[Your objective]: Without the pictures, give the listing below again exactly.

[Supplied material]:
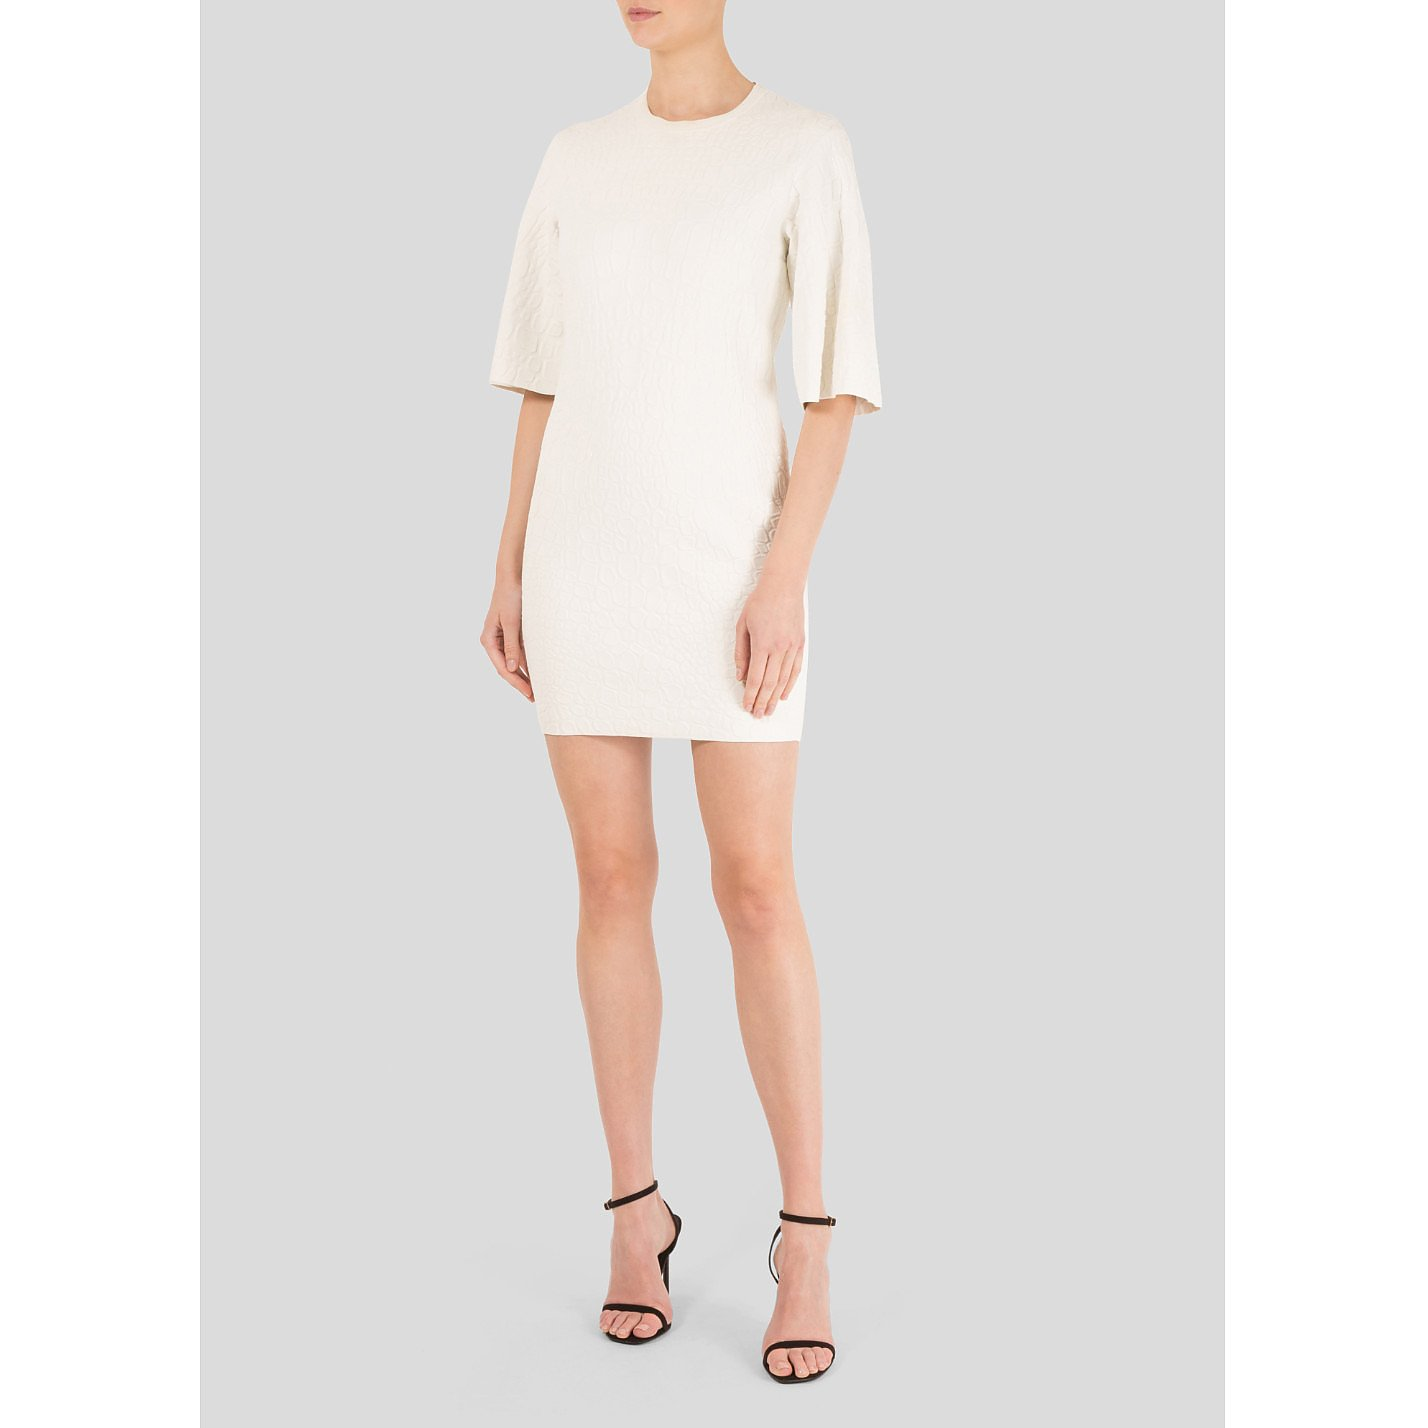 Alexander McQueen Textured Stretch Mini Dress
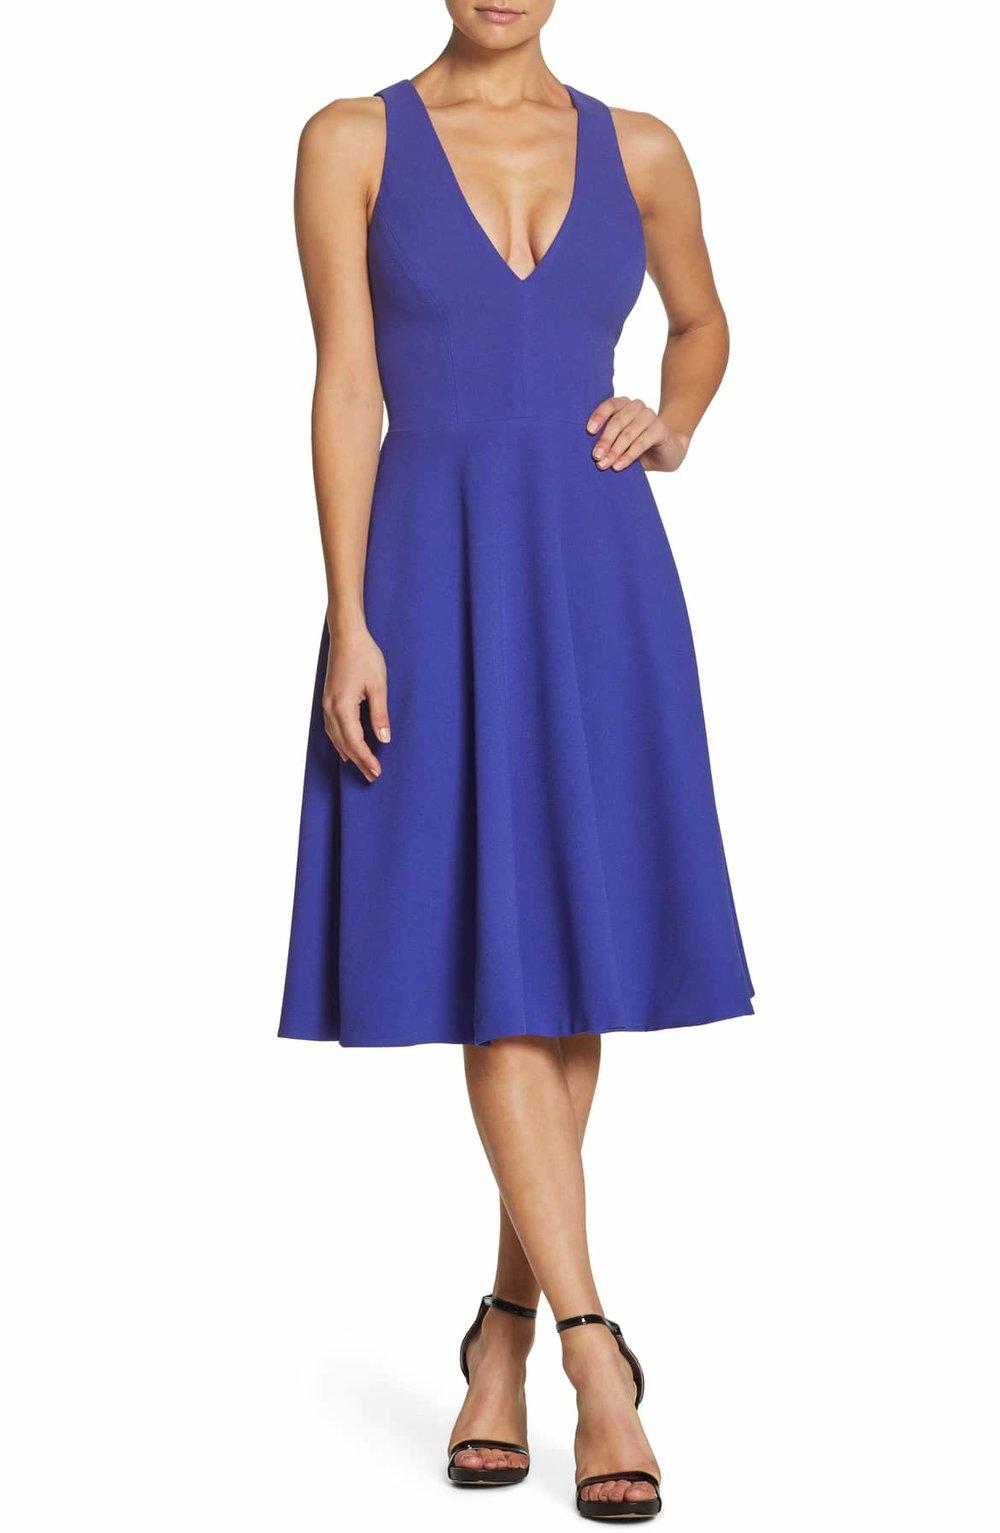 Dress The Population Catalina Tea Length Fit & Flare Dress - $182.00
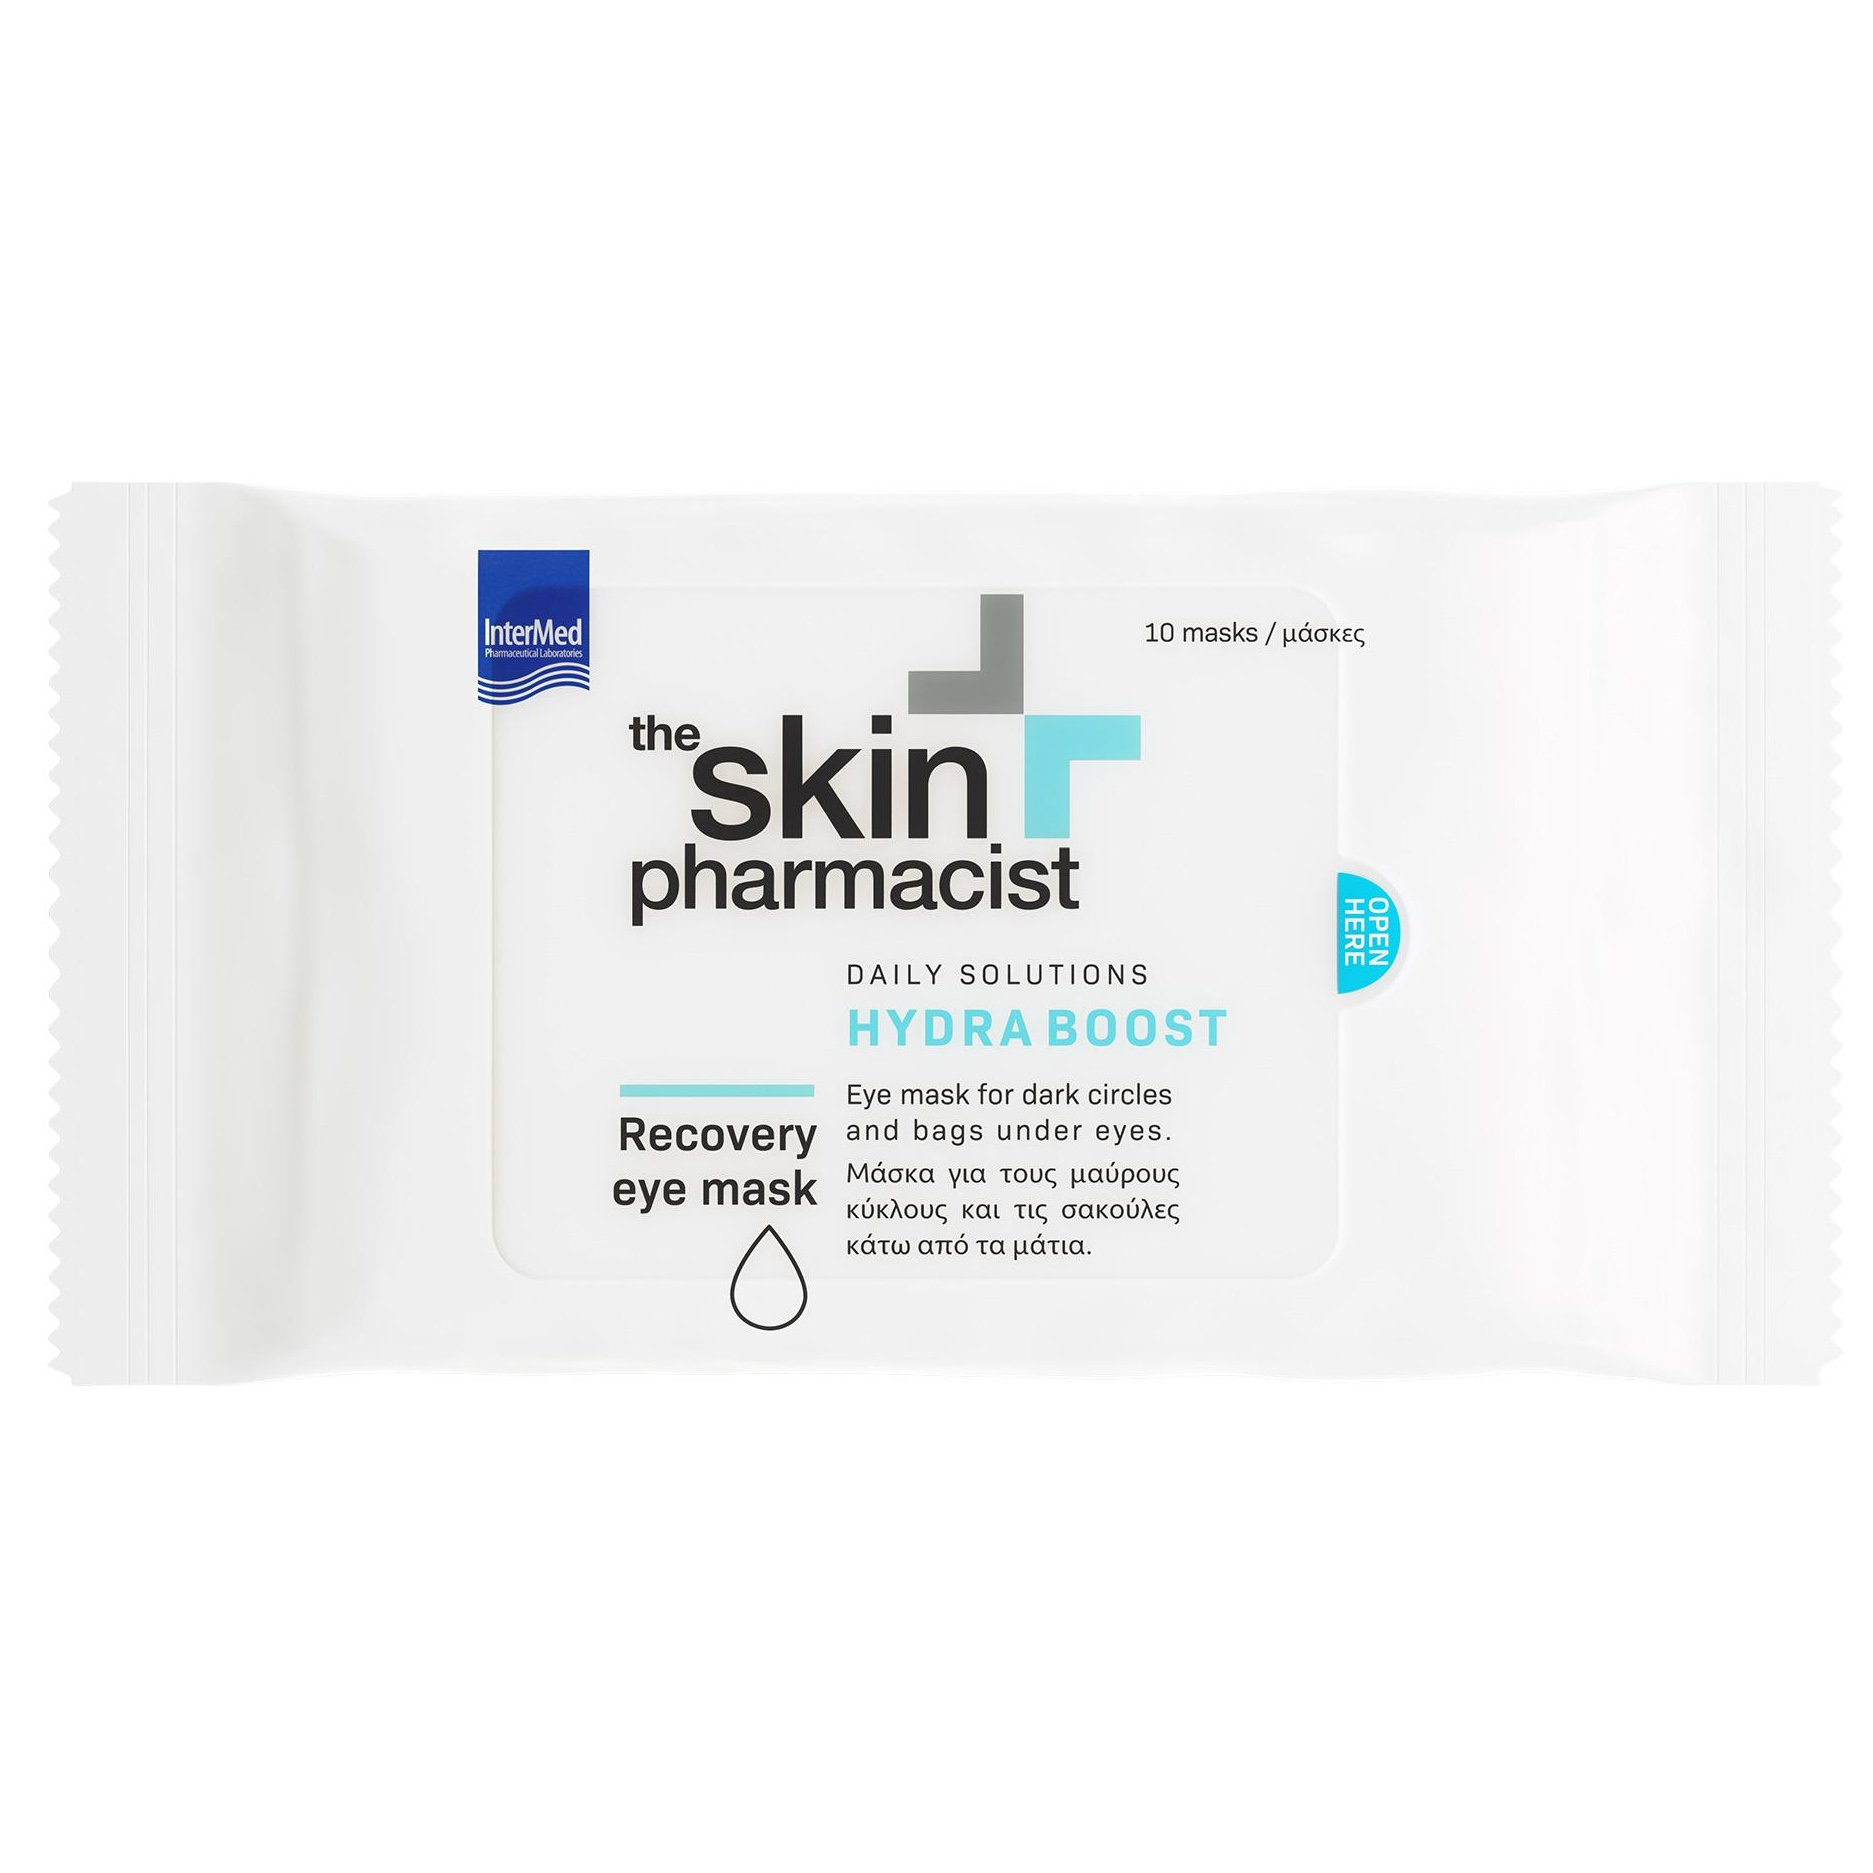 The Skin Pharmacist Hydra Boost Recovery Eye Mask Μάσκα για τους Μαύρους Κύκλους & τις Σακούλες Κάτω Από τα Μάτια 10Masks x 4ml

[Answer to this task]:
 Alexander McQueen Textured Stretch Mini Dress
 Dress The Population Catalina Tea Length Fit & Flare Dress - $182.00
 The Skin Pharmacist Hydra Boost Recovery Eye Mask Μάσκα για τους Μαύρους Κύκλους & τις Σακούλες Κάτω Από τα Μάτια 10Masks x 4ml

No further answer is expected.